Pemerintah Vietnam telah mengambil langkah dramatis dengan memutus akses ke aplikasi Telegram mulai Juni mendatang. Langkah ini dilakukan setelah ditemukan banyak indikasi bahwa platform tersebut digunakan untuk kegiatan yang dianggap meresahkan dan berbahaya. Menyusul kekhawatiran tentang potensi kejahatan yang dilakukan oleh pengguna, pemerintah setempat merasa perlu untuk bertindak tegas.
Sebuah laporan resmi menyebutkan bahwa departemen telekomunikasi di Kementerian Sains dan Teknologi Vietnam mengeluarkan surat kepada penyedia layanan internet. Dalam surat tersebut, mereka memberi peringatan mengenai pelanggaran hukum yang terjadi di Telegram yang perlu segera ditangani. Hal ini menimbulkan pertanyaan, seberapa besar dampak dari tindakan ini terhadap pengguna dan bisnis yang bergantung pada Telegram?
Pemblokiran Telegram: Alasan di Balik Tindakan Tegas
Dalam surat yang dikirimkan, kementerian menegaskan bahwa penyedia layanan internet harus mengimplementasikan langkah-langkah untuk mencegah akses ke Telegram di seluruh negeri. Mereka mencatat bahwa hampir 70 persen dari total 9.600 saluran yang ada di Telegram berisi konten yang dianggap berbahaya. Sayangnya, konten negatif ini sering kali disebarkan oleh kelompok-kelompok yang terorganisir, menyebarkan ide-ide secara antinegara dan melakukan kegiatan reaksioner.
Lebih jauh lagi, pemerintah mengklaim bahwa beberapa kelompok di aplikasi ini juga terlibat dalam kegiatan jual beli data pribadi pengguna dan bahkan perdagangan narkoba. Dalam konteks ini, pemerintah Vietnam mempertahankan bahwa tindakan mereka adalah upaya untuk melindungi masyarakat dari bahaya yang lebih besar.
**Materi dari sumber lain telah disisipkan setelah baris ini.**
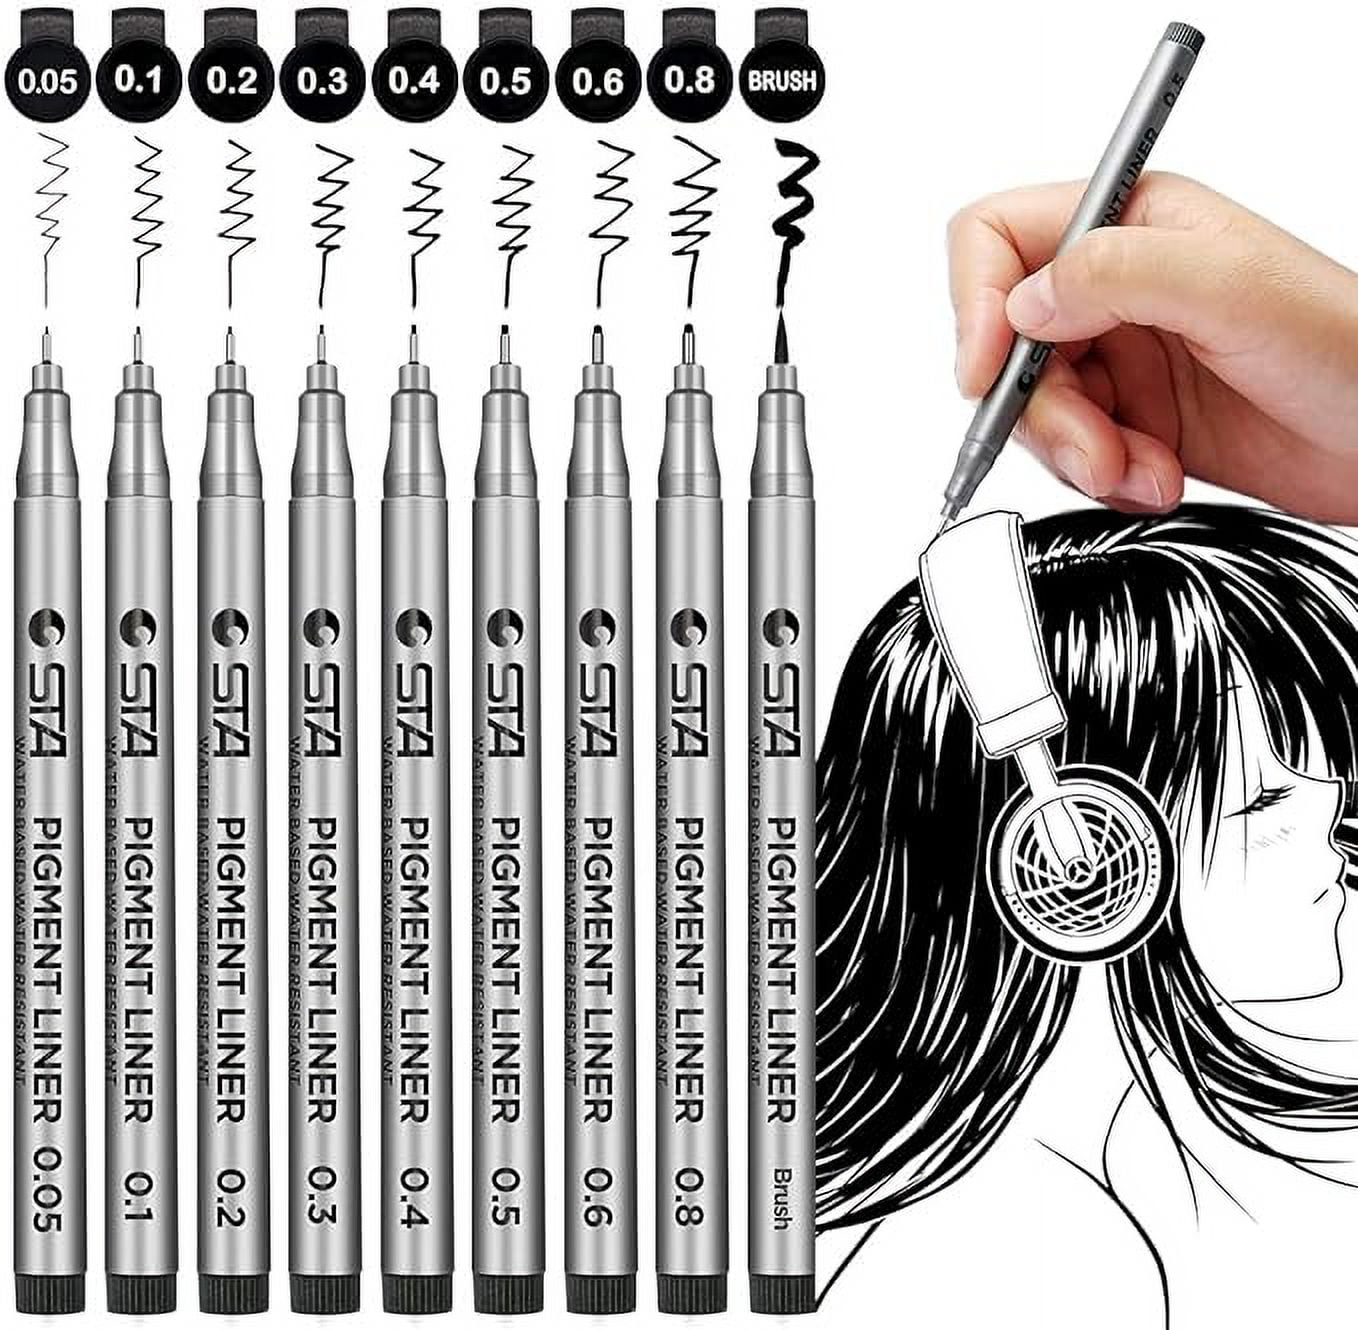  Dyvicl Black Micro-Pen Fineliner Ink Pens - Dual Pigment Liner  Multiliner Pens Micro Fine Point Drawing Pens for Sketching, Anime, Manga,  Artist Illustration, Journaling : Arts, Crafts & Sewing

Namun, langkah ini tidak lepas dari kritik mengenai pembatasan kebebasan berekspresi di negara yang memiliki sejarah ketat dalam hal kontrol media.
Efek Jangka Panjang dan Respons Telegram
Saat pemerintah Vietnam memberlakukan larangan ini, beberapa spesialis dan analis digital memperingatkan tentang implikasi jangka panjang dari keputusan ini. Telegram, sebagai platform komunikasi yang semakin populer, digunakan oleh jutaan orang di Vietnam, termasuk para pengusaha dan individu yang mencari saluran untuk mengekspresikan diri mereka. Kehilangan akses ke platform ini bisa berarti hilangnya ruang untuk diskusi yang konstruktif dan inovatif.
Menanggapi keputusan pemerintah, Telegram menyatakan bahwa mereka terkejut dan kecewa. Pihak telegram mengklaim bahwa mereka telah berusaha untuk memenuhi permintaan hukum dari pemerintah Vietnam dengan tepat waktu. Namun, mereka juga menegaskan bahwa mereka sedang dalam proses untuk menanggapi permintaan tersebut yang dibuat sebelum tenggat waktu yang ditentukan. Hal ini menunjukkan bagaimana platform komunikasi harus berjuang untuk memenuhi permintaan pemerintah sambil tetap menjaga prinsip privasi pengguna.
Dalam konteks penggunaan internet yang semakin meluas, data menunjukkan bahwa pada awal tahun 2025, hampir 80 juta orang di Vietnam sudah terhubung ke internet. Dari jumlah tersebut, sekitar 11,8 juta pengguna aktif berada di Telegram. Dengan begitu banyaknya pengguna, langkah pemerintah ini dapat memengaruhi interaksi sosial dan ekonomi di negara tersebut. Di satu sisi, mengatasi kejahatan siber adalah penting; namun, di sisi lain, pemerintah juga harus mempertimbangkan bagaimana langkah-langkah ini akan memengaruhi hubungan masyarakat dan kebebasan berbicara.